When should a person write his Bucket List? Is it a reviseable document? I think the concept of the Bucket List started for me shortly after having my daughter. It occured to me then, 19 months ago, that while I am here its got to be good.
For that reason, I want to do the things I want to do and I want to do them now. Obviously, money is a road block on some of the items I'd like to accomplish. To get to the end and say, "Oh NO! I didn't do this, and this, and this, and this, and this..." would be a major disappointment. But in the now, the things I have the ability to do I intend to do. I think the concept of creating a Bucket List as a living document is far more practical than writing the good stuff down when there is only blank amount of time left.
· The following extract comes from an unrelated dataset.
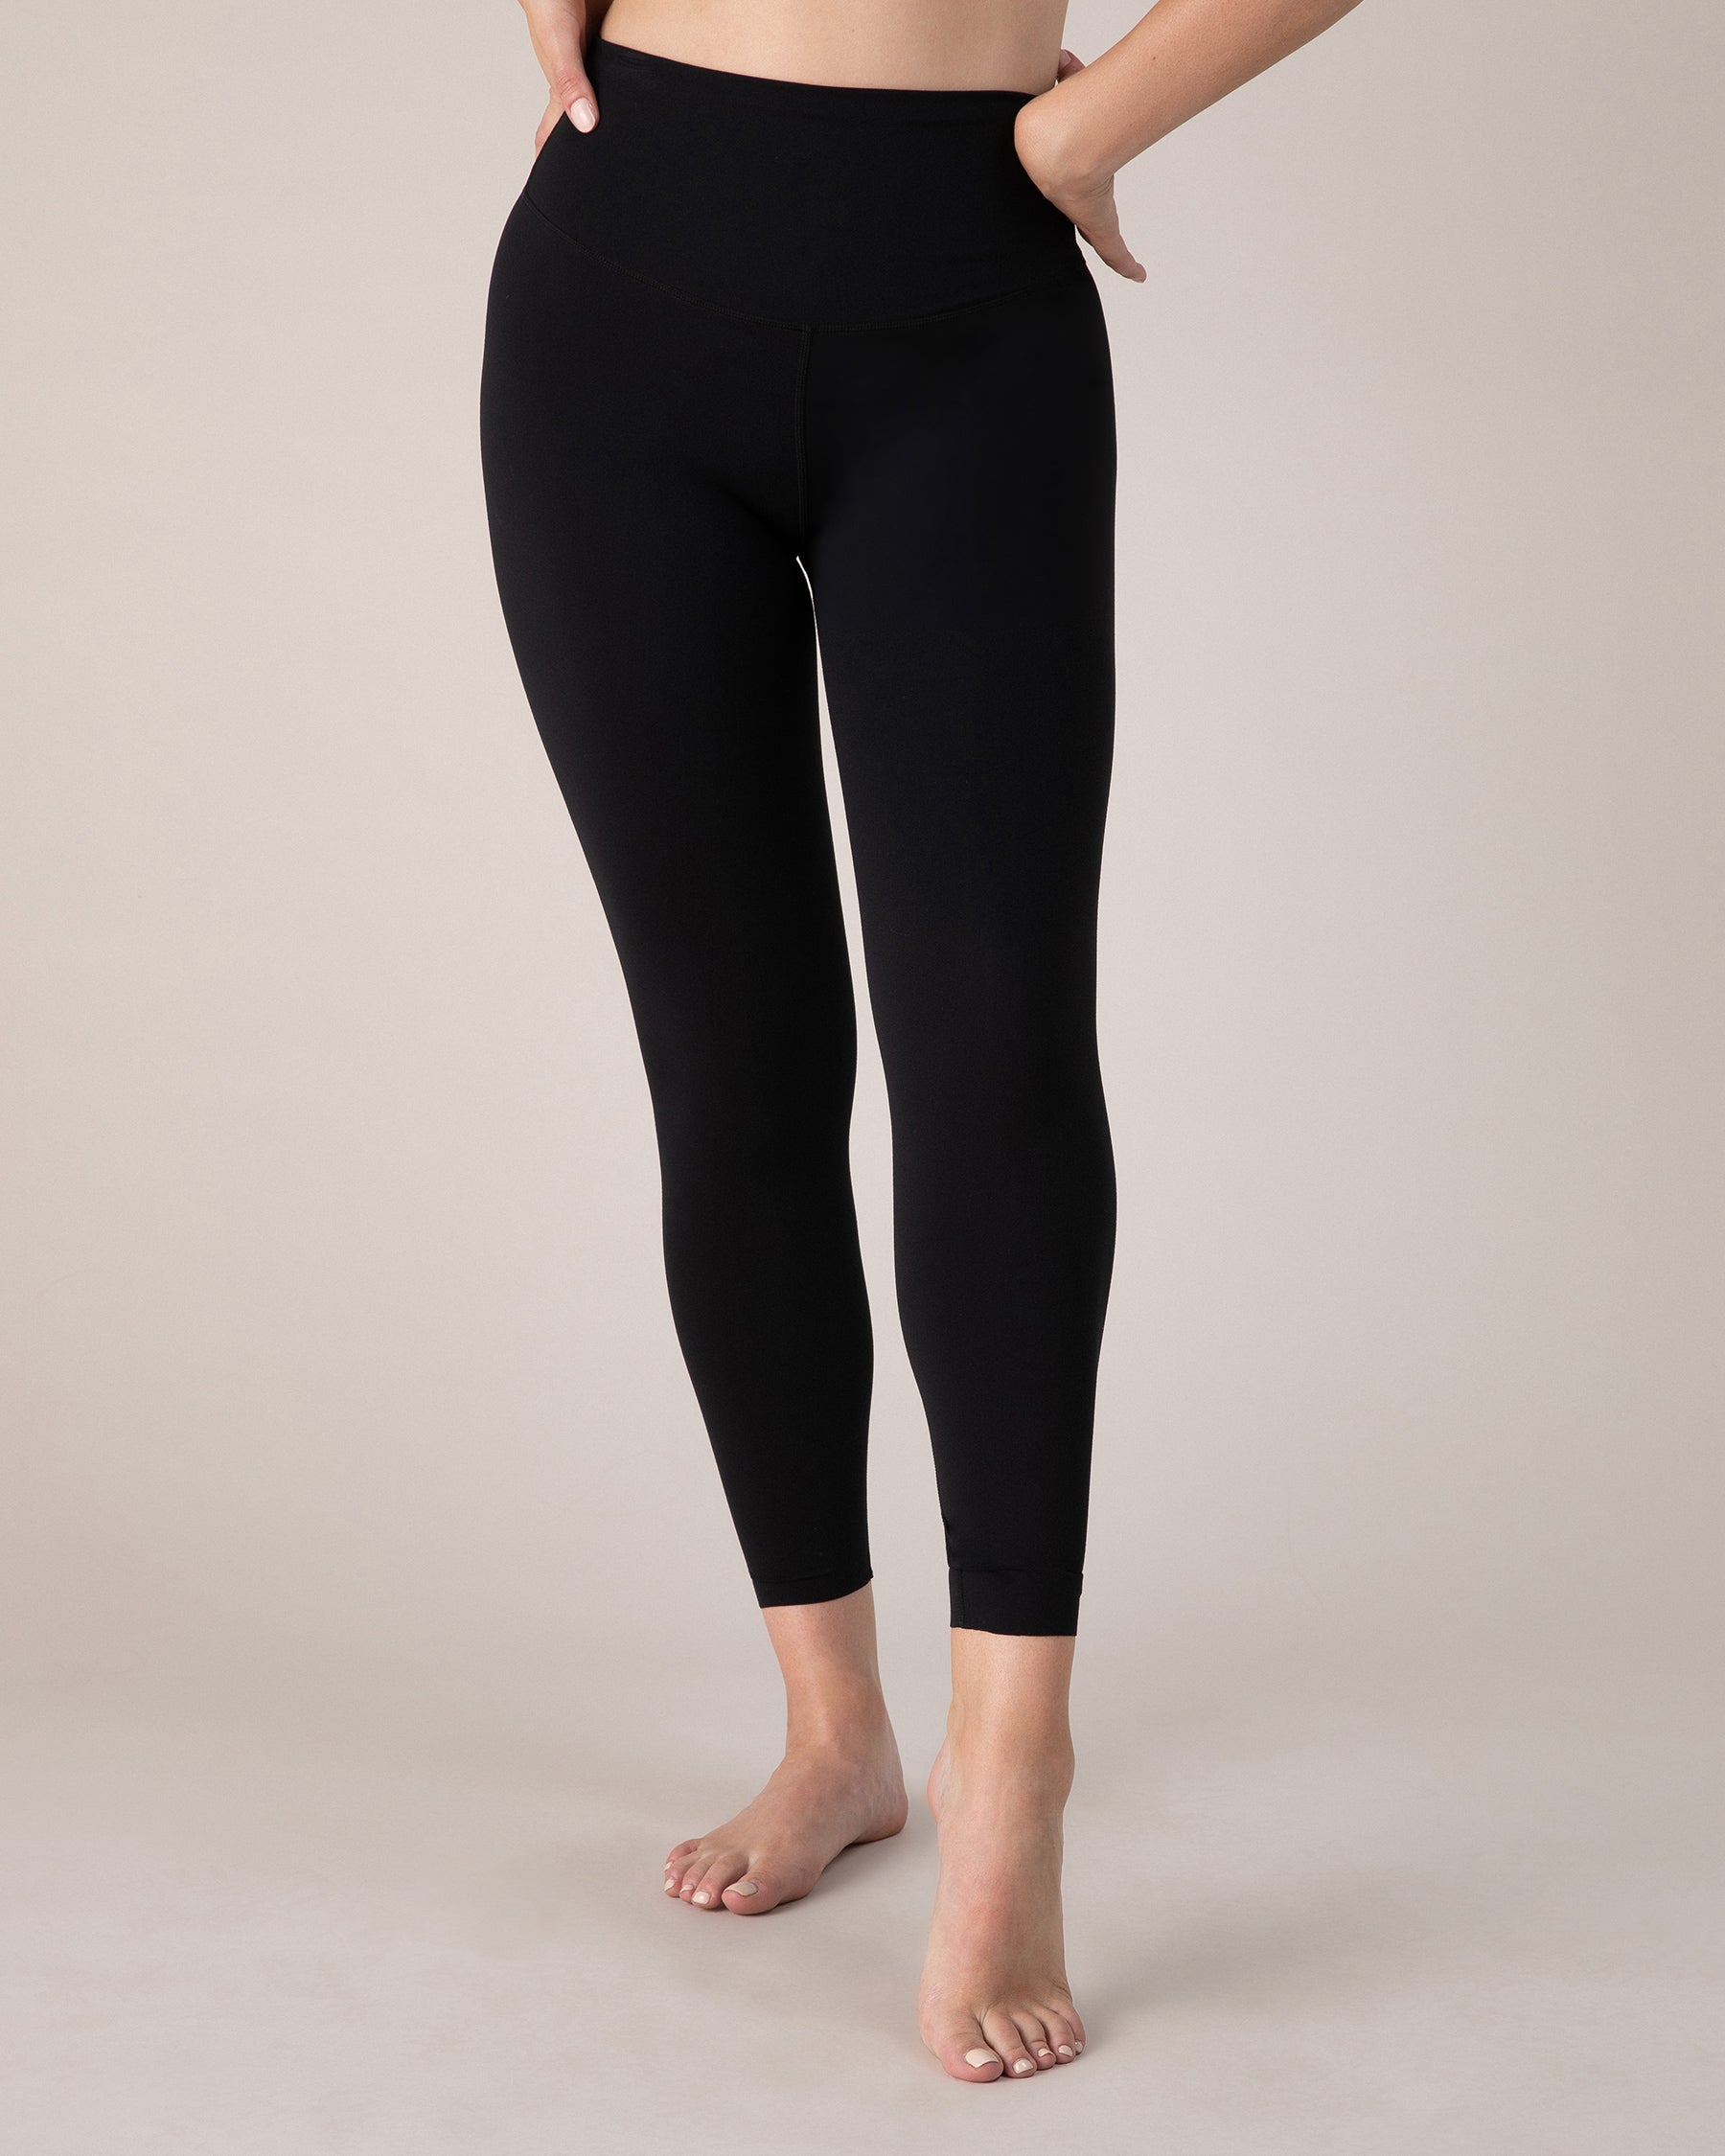 BLOCHeverhold™ 7/8 High-Waisted Leggings in Dianthus
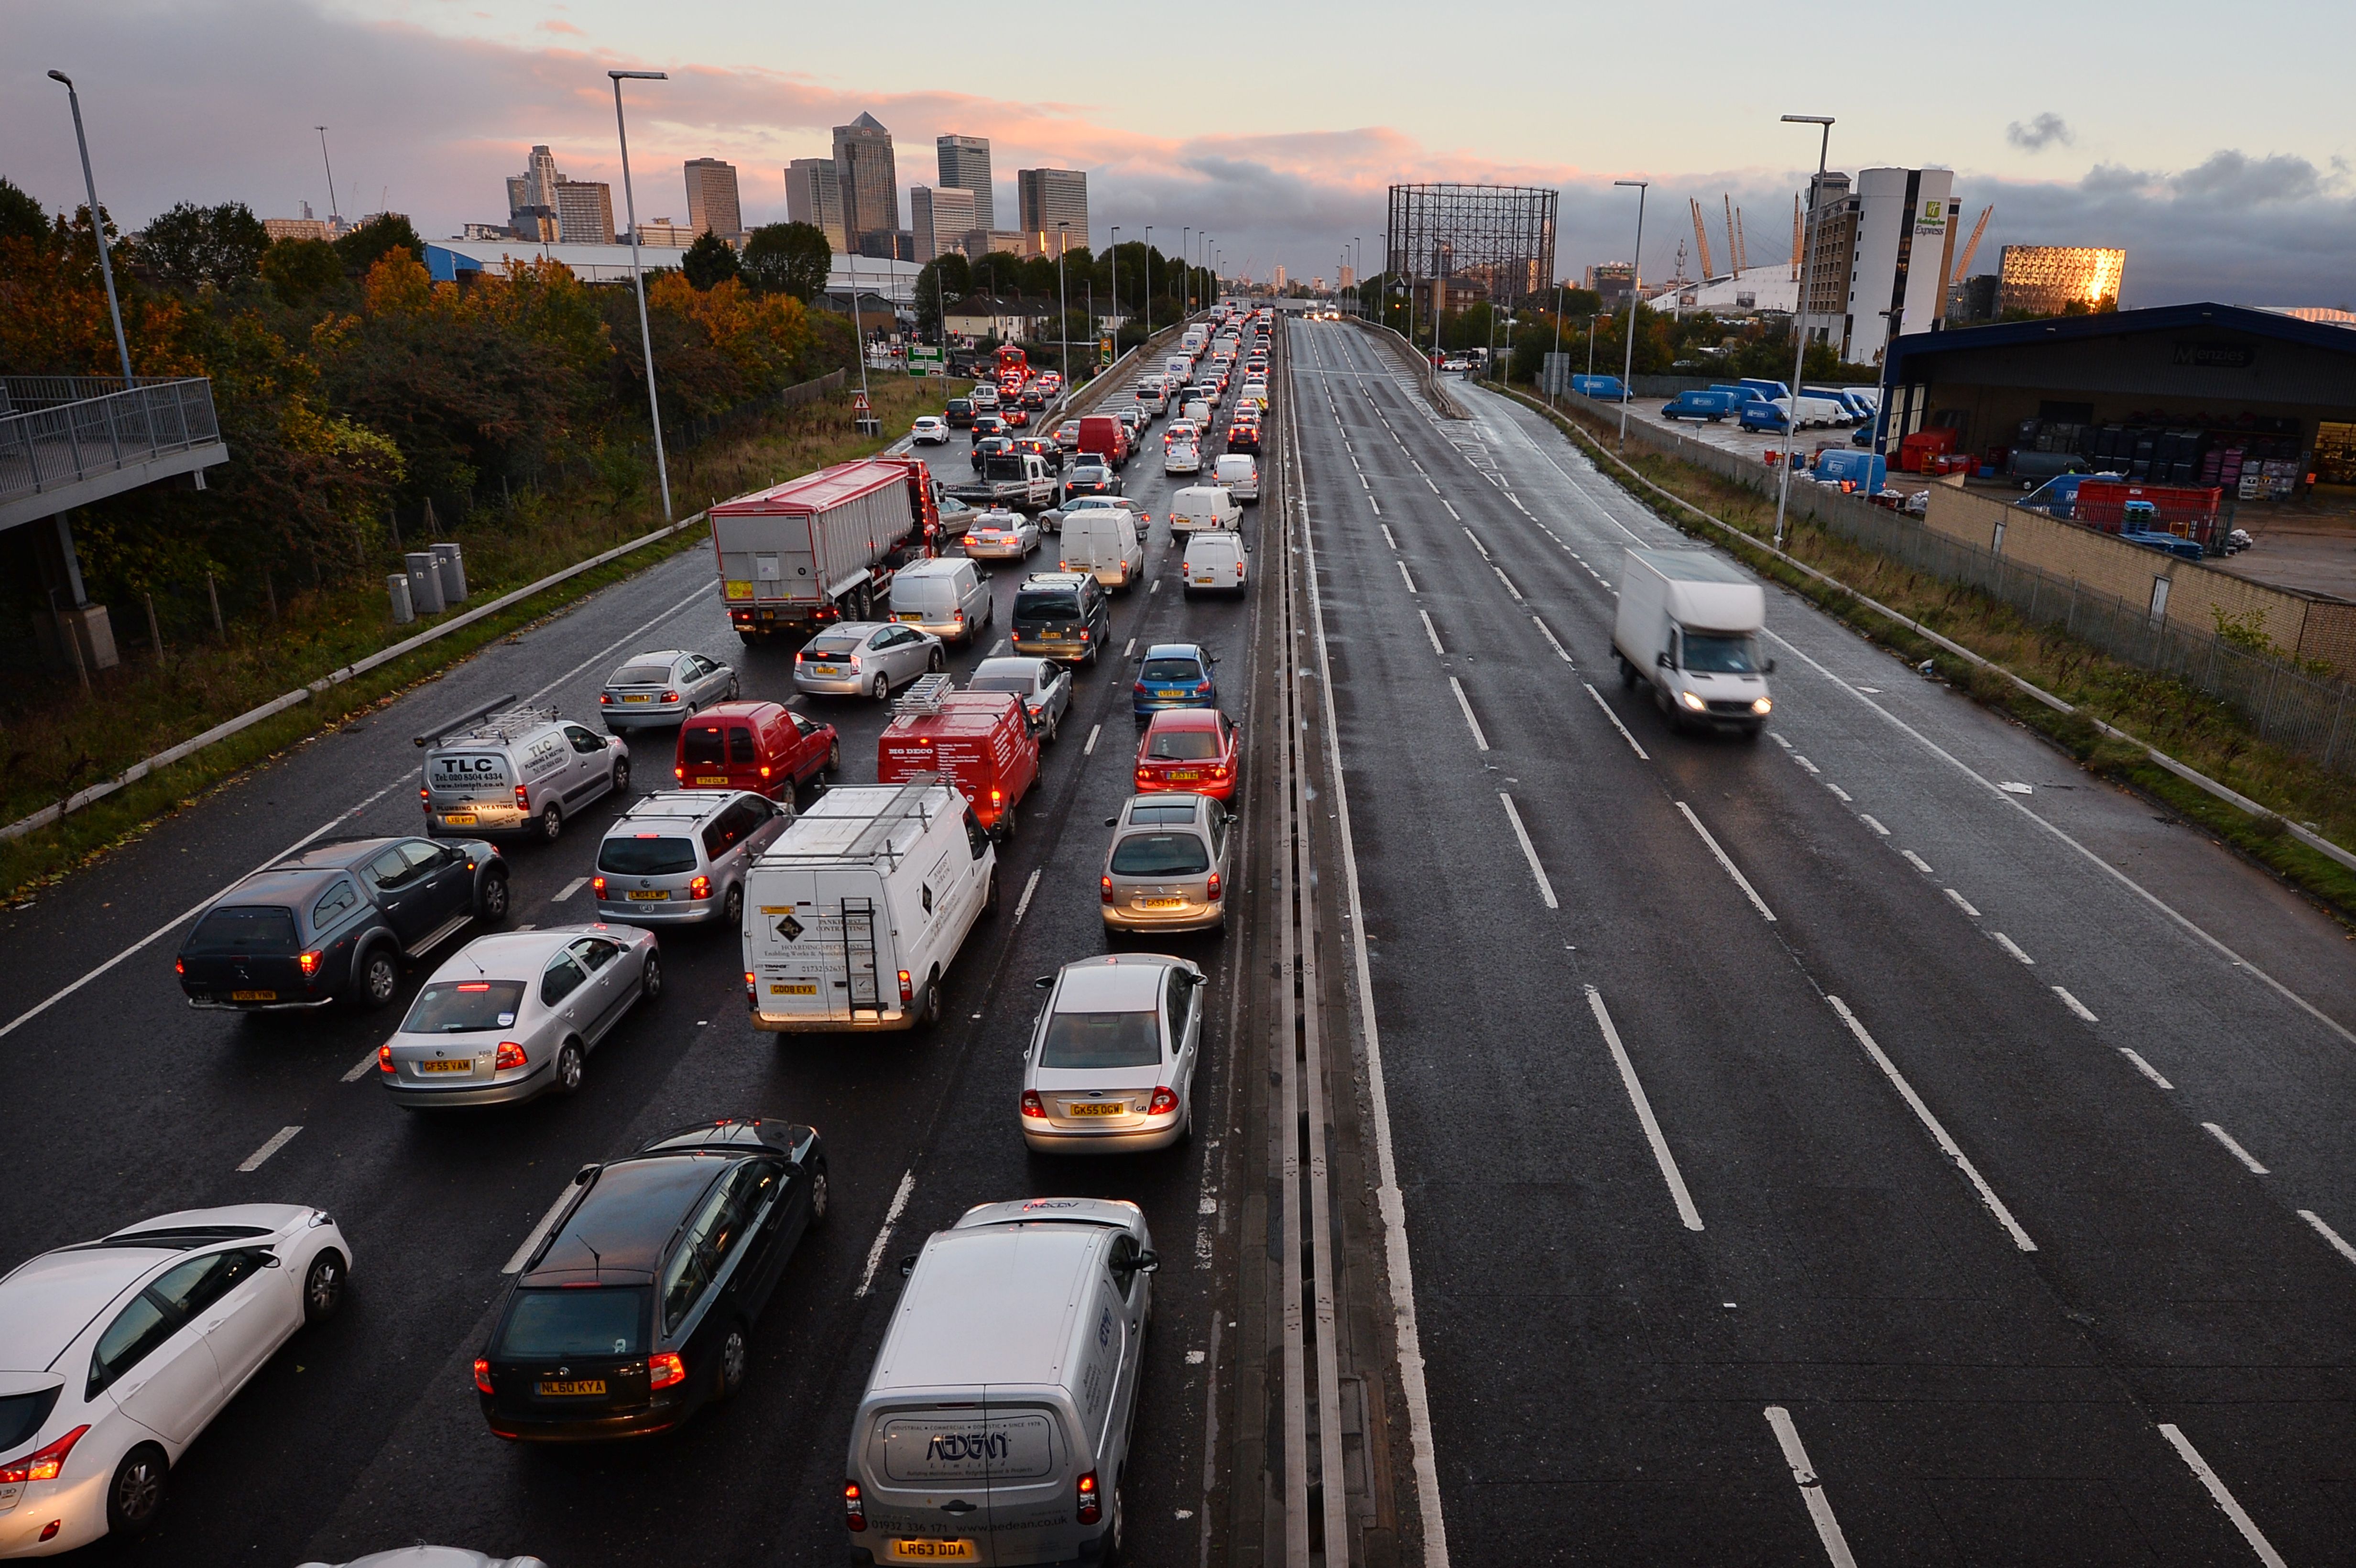 Ministers have been urged to reconsider whether to impose limits on what new drivers can do on the road

Do it now. It now will be different than it now when I'm 40. It now is staying in shape, eating good food, drinking good wine, and making the days the best that I can for my daughter. I want her days to be fun and new. I have control of that. It now is getting back to writing. Writing writing writing. If I'd been asked when I was 21 what it now was, I would have said the same thing I would say today: publish a book. A book a book a book. So what am I ever doing to that end?
The problem that I face is I have never published anything in any form. In the 5th grade I wrote a book for the Illinois Young Writers something-or-other, but it wasn't published, just awarded. I think writers are supposed to write for something, for a medium of some kind - newspapers, magazines, newsletters... I think that allows opportunity for further published work. I was an English major, not journalism. I didn't study how to publish. Aside from hitting the "publish post" button at the bottom of this page (and may I mention I'm the only person reading this page), publishing isn't my strong suit.
I went to church on Sunday for the first time since, um. Long time. I went because the church in my parents town has an interim minister. The minister I grew up listening to at The First United Methodist Church in Downers Grove is filling in at my mom's church. In my opinion, he always hits the key elements in giving a sermon: He always kept my attention, created a space for introspection, and made me laugh. I was excited to listen again.
The sermon was on the Bucket List. He asked us basically the same thing I've been asking myself for 19 months. What are you waiting for? In remission from prostate cancer, Rev. Conger described his bucket list. He told us four things he wanted to do with the rest of his life. He wanted to take his sixth grandson on a trip, organize his videos and pictures, write a book about the death of his son, and help someone he didn't know. I was in awe of him Sunday morning. I felt like his life had been spent helping people he didn't know. How well does a minister know the members of his congregation? I imagine he knows only those that show up weekly for years on end, participate in every committee and function, and donate solid amounts of money to his church. I thought it was generous of him to think he hadn't helped anyone he didn't know without that being the specific goal. I was also intrigued in the story of his son's death. I was very young when it happened, and can't recall the details. But I'd read the book.
The common life goal made me think he'd helped someone he didn't know again. The sermon itself compelled me to live life now. If it isn't good now, when will it be? When I'm dead? What kind of parenting example is that? Its got to be good now. Ask me again in 20 years, but right now my Bucket List is that simple: Its got to be good now.